§ Assignment
Every line below should be copied exactly; drop the pictures.

── Data block

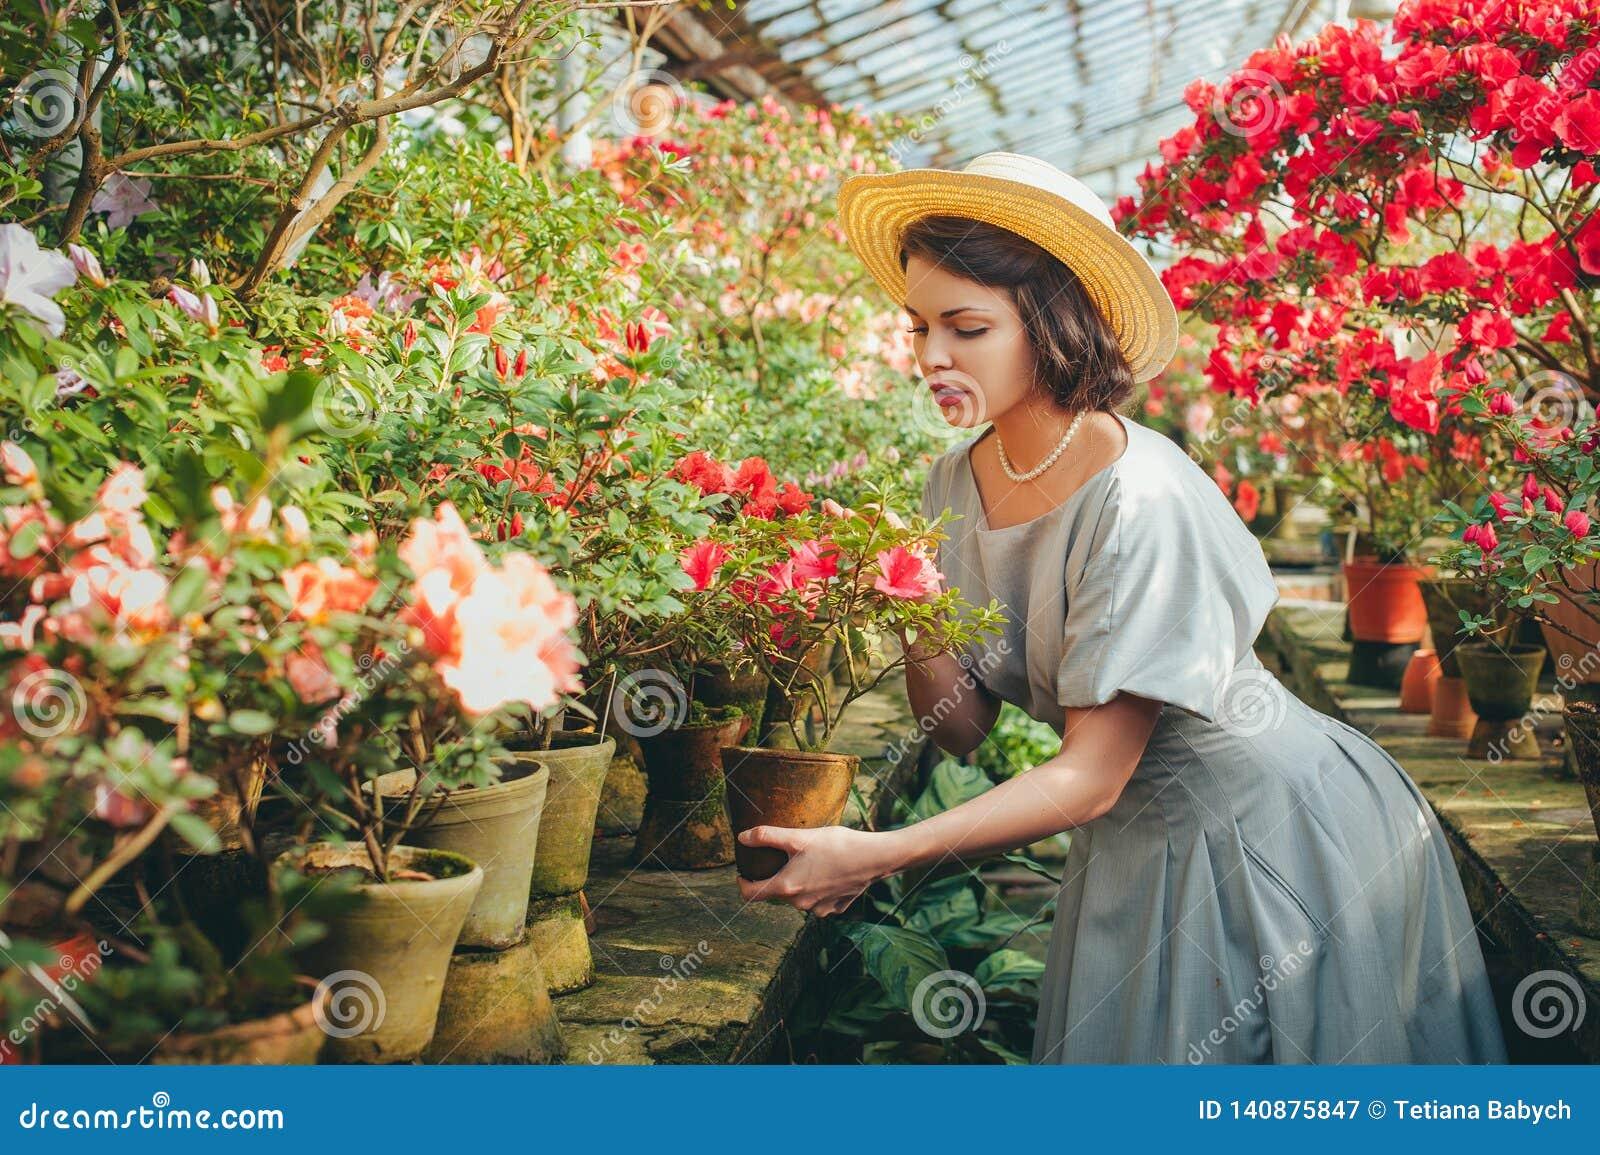 Красивая взрослая девушка в парнике азалии мечтая в красивых ретро платье и шляпе
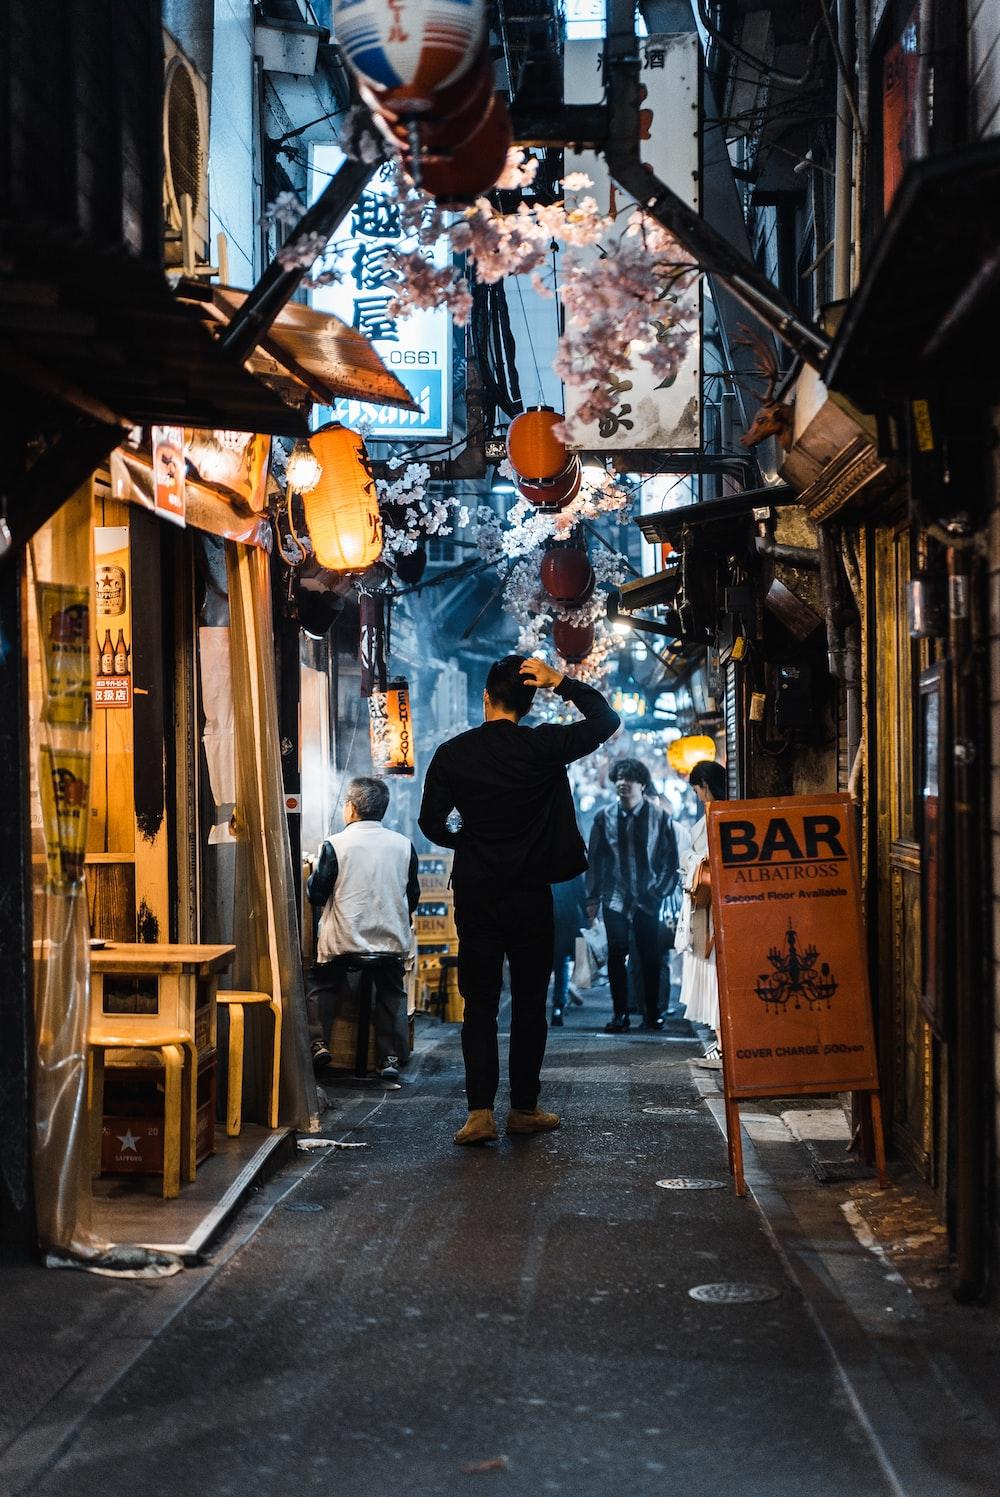 man in an alley
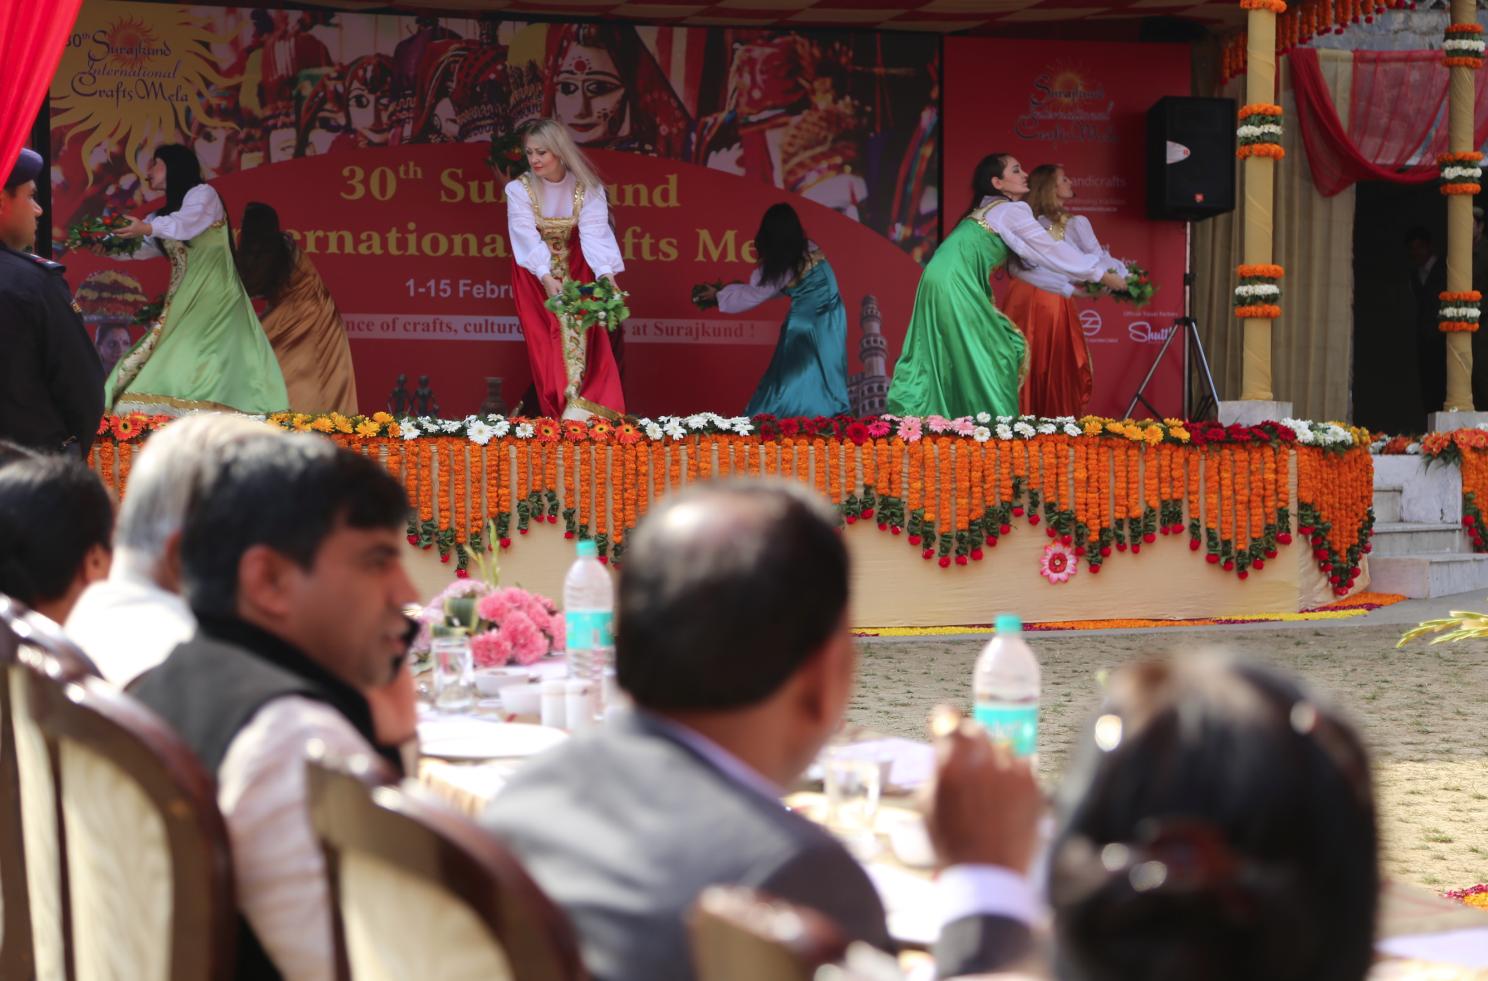 KrasA (Beauty) Ensemble of Folk Song at the international Crafts Mela at Surajkund.

────

§ Answer to this problem
 Красивая взрослая девушка в парнике азалии мечтая в красивых ретро платье и шляпе
 man in an alley
 KrasA (Beauty) Ensemble of Folk Song at the international Crafts Mela at Surajkund.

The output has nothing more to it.